Phyllophora traillii

Scientific classification
- Domain: Eukaryota
- Clade: Archaeplastida
- Division: Rhodophyta
- Class: Florideophyceae
- Order: Gigartinales
- Family: Phyllophoraceae
- Genus: Phyllophora
- Species: P. traillii
- Binomial name: Phyllophora traillii Holmes ex Batters

= Phyllophora traillii =

- Genus: Phyllophora
- Species: traillii
- Authority: Holmes ex Batters

Species of alga

Phyllophora traillii is a small marine red alga.

==Description==
Phyllophora traillii is a small alga no more than 35 mm long. It grows from a small holdfast and a short stipe up to three mm long which spreads to a small flat blade which is oblong or with parallel sides. It branches once or twice. The fronds are formed with a compact medulla of large cells with a cortex of small cells in two or three layers.

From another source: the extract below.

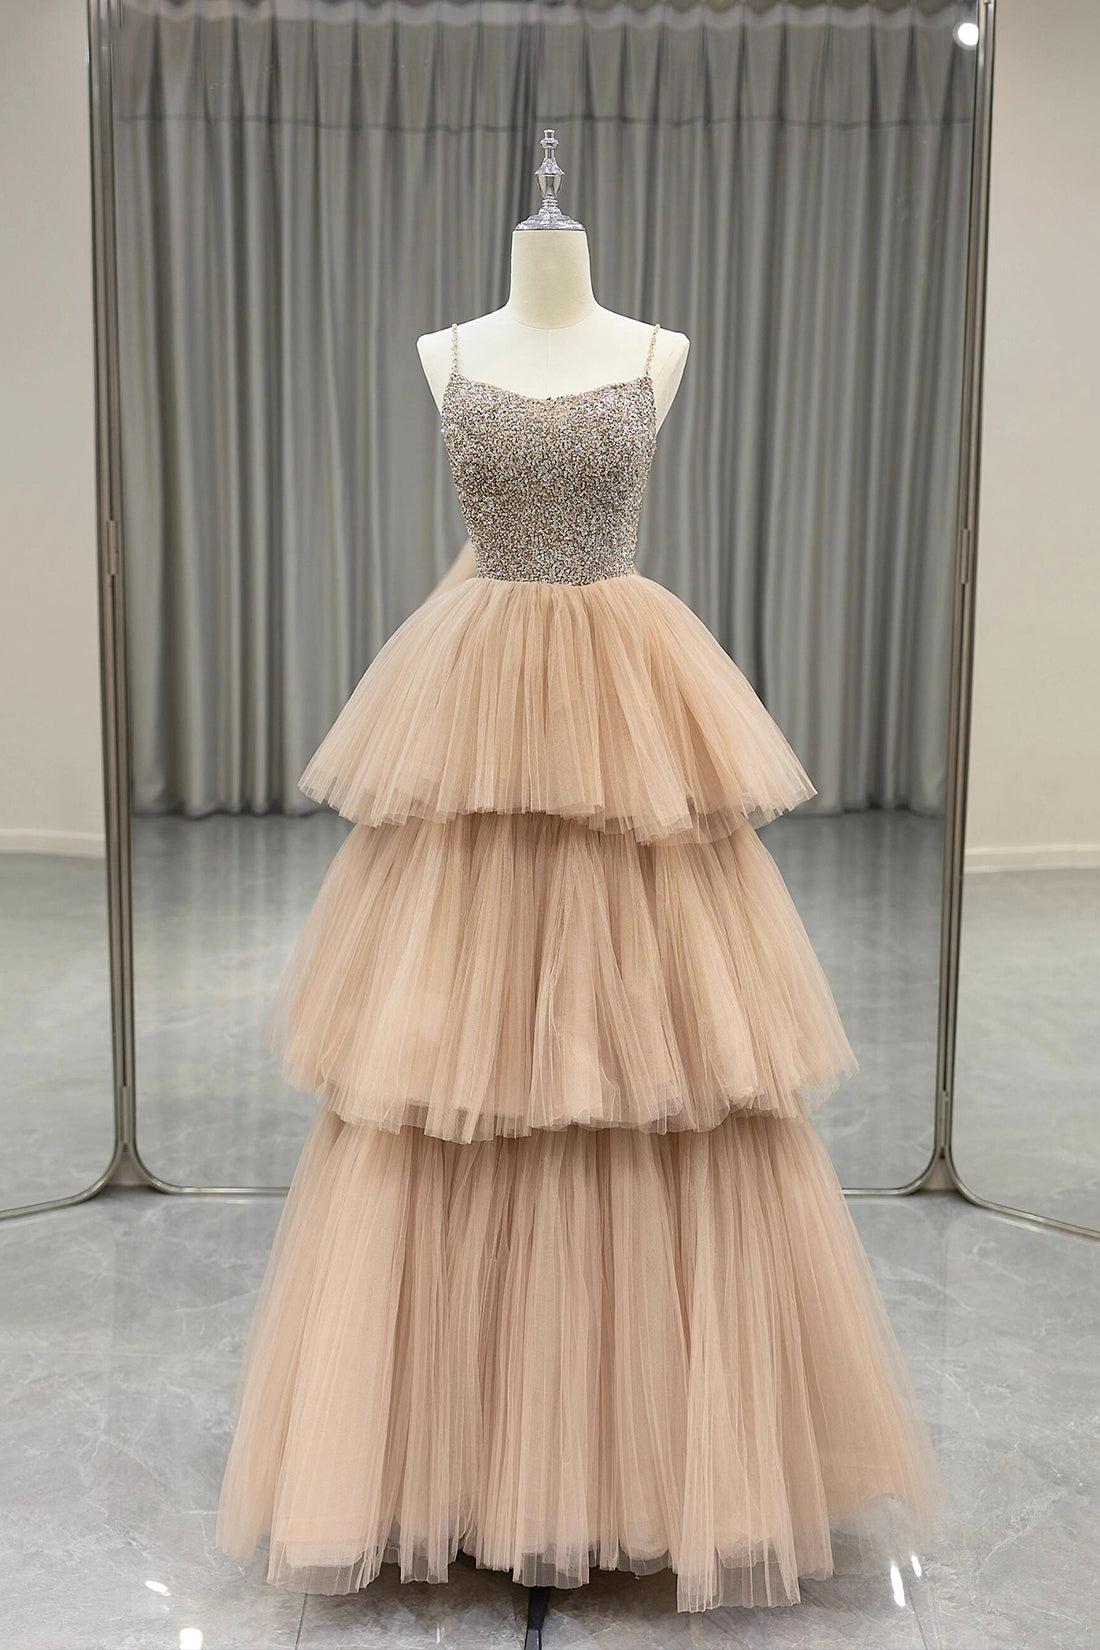 Champagne Tulle Layers Long A-Line Prom Dress, Spaghetti Strap Beaded Evening Dress

Phyllophora traillii is named for George William Traill a Scottish phycologist and mineralogist.

==Habitat==
To be found growing on rock in the lower littoral into the sublittoral to a depth of 15 m.

==Reproduction==
The gametangial plants are dioecious, that is with separate male and female plants.

==Distribution==
Recorded from Great Britain, Ireland, Faeroes and the Atlantic coast of Europe from Sweden to France. Also from Canada and U.S.A.